3 examples of applause
I typed the word “applause” into the search window of my iTunes library and 3 tracks came up. Apparently, I had separately tracked off applause on Jack Spicer’s July 15th 1965 reading of The Holy Grail, David Shapiro’s 2004 UMass reading, and Mark McMorris’ 2005 UMass reading. Recorded applause seems like something no one really thinks about much. What was interesting was that all three tracks lasted between 23 and 25 seconds long. The Spicer has about 15 seconds of actual clapping and then it dies down. Mark McMorris has almost 24 full seconds of clapping. The Shapiro applause is pretty long too but it seems to die down a bit and then pick up again near the end. Of the three, I think my favorite is the Spicer because the sound is less easily identifiable as applause due to tape decay and recording limitations.
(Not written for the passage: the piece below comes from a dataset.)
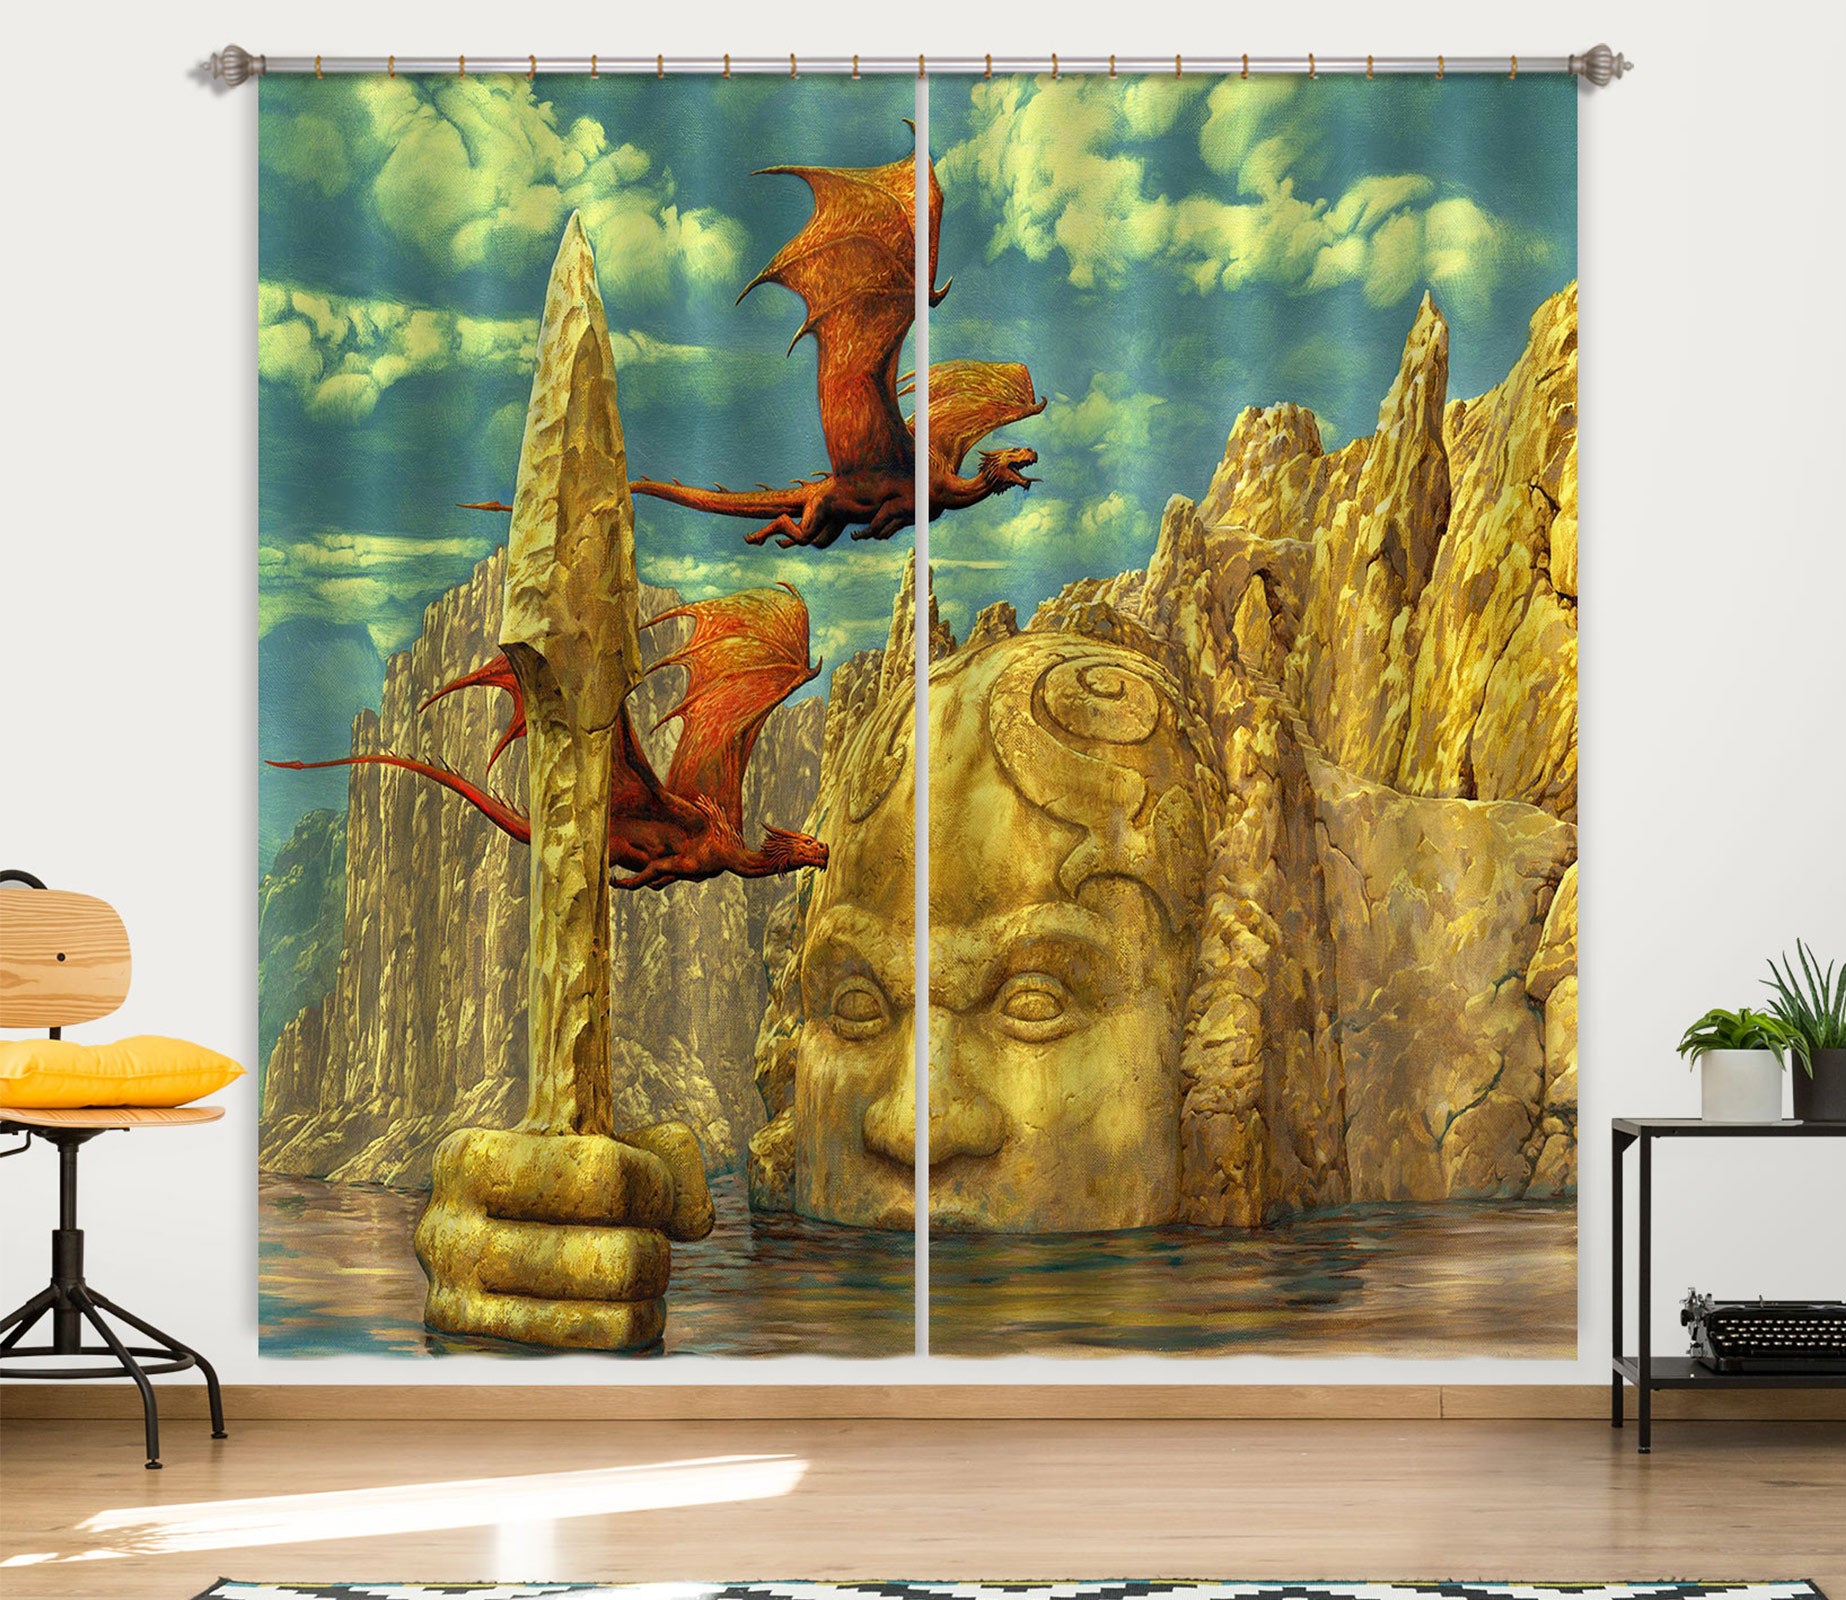 3D Statue Dragon 7217 Ciruelo Curtain Curtains Drapes

I feel like something could be learned by studying the applause from various readings across time. It’s valuable to recognize that applause as a sonic phenomenon is more various than is generally acknowledged. Applause is one of the constants at the end of most poetry recordings so it might be a good baseline indicator of the sound/recording environment. For example, some of my recordings were made from the audience in a space with a PA system. You might not be able to tell that until the end when you hear hands clapping 4 inches from the mic. I find that sometimes as I listen to an audio recording the dissonance and materiality of the recording fades somewhat as I am filtering for clear speech. However, when the applause happens at the end I am often reminded again of the textures of the sound environment. Also, in the same way that crowd laughter doesn’t necessarily “mean” one static thing (that something is funny) I would argue that applause is not always just a fixed response of approval. One example of this might be the way some readers have been cut off during an extraordinarily long reading by interruptive applause from someone in charge of the event.